Fossilface O’Donahue rumbled with laughter at his punch-line, and Mrs Pargeter too managed to summon up a little chuckle. “Very good, very good.”

“Yeah, well, the trick with jokes,” he confided, “doesn’t lie in the joke itself…”

“Doesn’t it?”

“No, it’s not the jokes – it’s the way you tell them.”

“Ah.”

“I been practising that, and all.”

“Oh, it shows, it shows.”

“Yes. You know, I’m really working on this sense of humour business.”

“So I can see.”

“And I’m going to use it in the way I make restitooshun to the people what I done wrong to.”

“Oh really?” said Mrs Pargeter, unable to disguise the edge of anxiety in her voice. She didn’t relish the loose cannon of Fossilface O’Donahue’s sense of humour coming anywhere near her.

“You bet. For instance, do you know what I done wrong to your husband?”

“No.” Mrs Pargeter wasn’t sure that she actually wanted to know.

“I cheated him out of five hundred nicker.”

“Oh dear. Well, I’m sure he would have forgiven you for –”

“Oh no, he’s going to get restitooshun for it all right – or, actually, you’re going to get restitooshun for it.”

“Thank you,” Mrs Pargeter murmured weakly.

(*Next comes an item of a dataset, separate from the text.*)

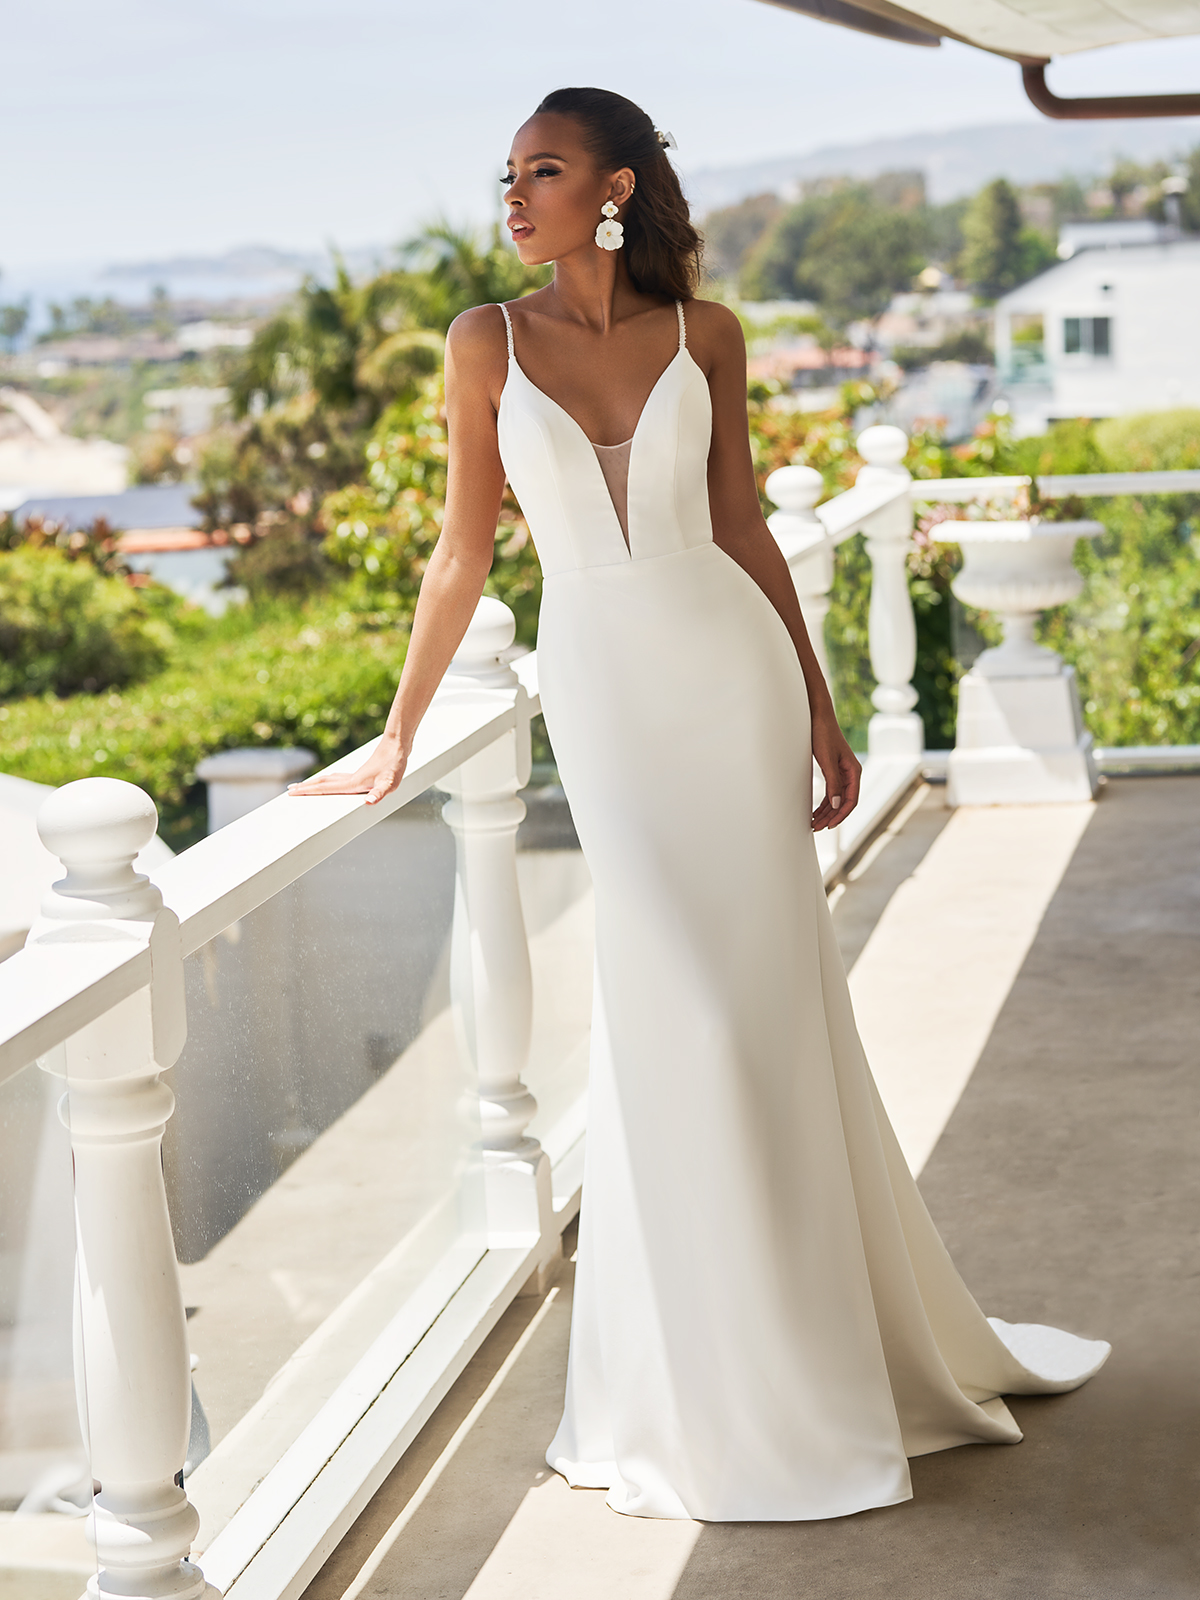 Simple And Elegant Wedding Dresses Wedding Inspiration Moonlight Blog 8896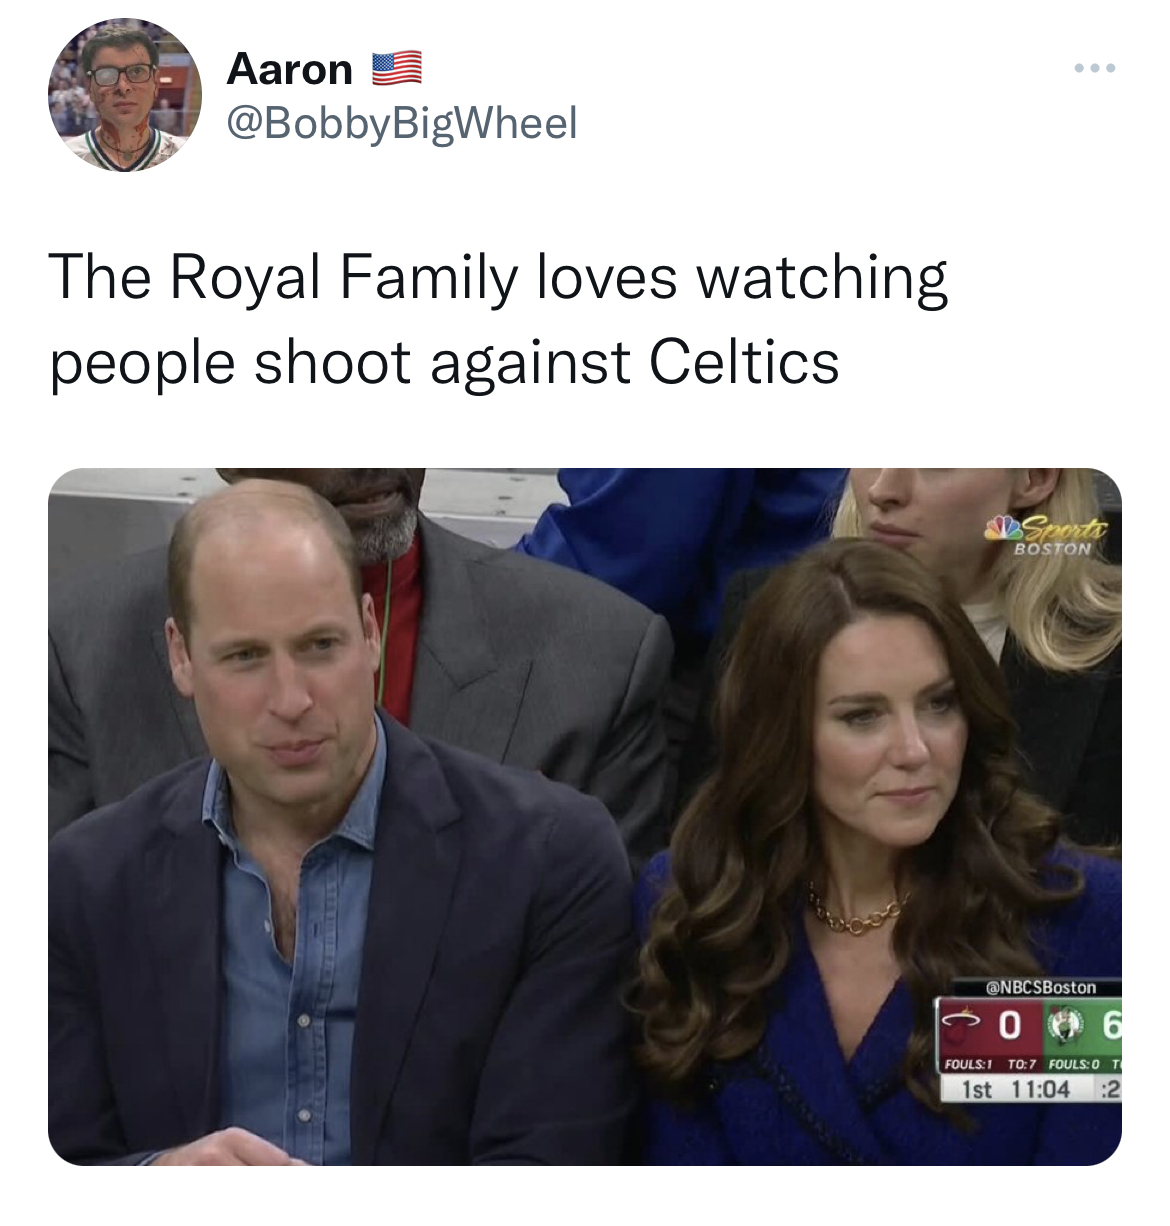 tweets roasting celebs - conversation - Aaron The Royal Family loves watching people shoot against Celtics Sorte Boston GNBCSBoston 06 Pouls TO7 Folls T 1st 2

“In fact, you already got it.”

“Have I?”

“Yes. You are the proud recipient of the first bit of restitooshun what I done since I come out…”

“Lucky me.”

“… and you’re the first one to experience the full effect of my sense of humour.”

“Really?”

“So what do you think of it, eh?”

Mrs Pargeter was perplexed. “I’m sorry. I’m not quite with you. You’ll have to explain.”

Gleefully, Fossilface O’Donahue did as he was requested. “I done your old man out of five hundred… What’s the slang for five hundred?”

It became horribly clear. “A ‘monkey’?” she suggested with resignation.

“Exactly,” a triumphant Fossilface confirmed.

Mrs Pargeter looked down at Erasmus, sleeping in his circle of debris on the carpet. “Oh yes,” she said. “Very amusing.”

∨ Mrs Pargeter’s Plot ∧

Eleven

“The thought of Fossilface O’Donahue having developed a sense of humour,” said Truffler Mason heavily, “is almost too awful to contemplate.”

“Right. I’m afraid he hasn’t really caught on to the idea properly yet. I mean, I think that maybe he understands the general principle of humour, but he sure as hell doesn’t understand what makes something funny.”

“No, he always did have a rather ponderous approach to… well, to everything, really.”

Truffler took a contemplative sip of his champagne. They were in the bar of Greene’s Hotel, later the same evening. Having started drinking champagne, Mrs Pargeter saw no reason to stop. Fossilface O’Donahue had gone, and a touching reunion been effected between Hedgeclipper Clinton and Erasmus. The hotel manager was determined to protect the marmoset more rigorously in future.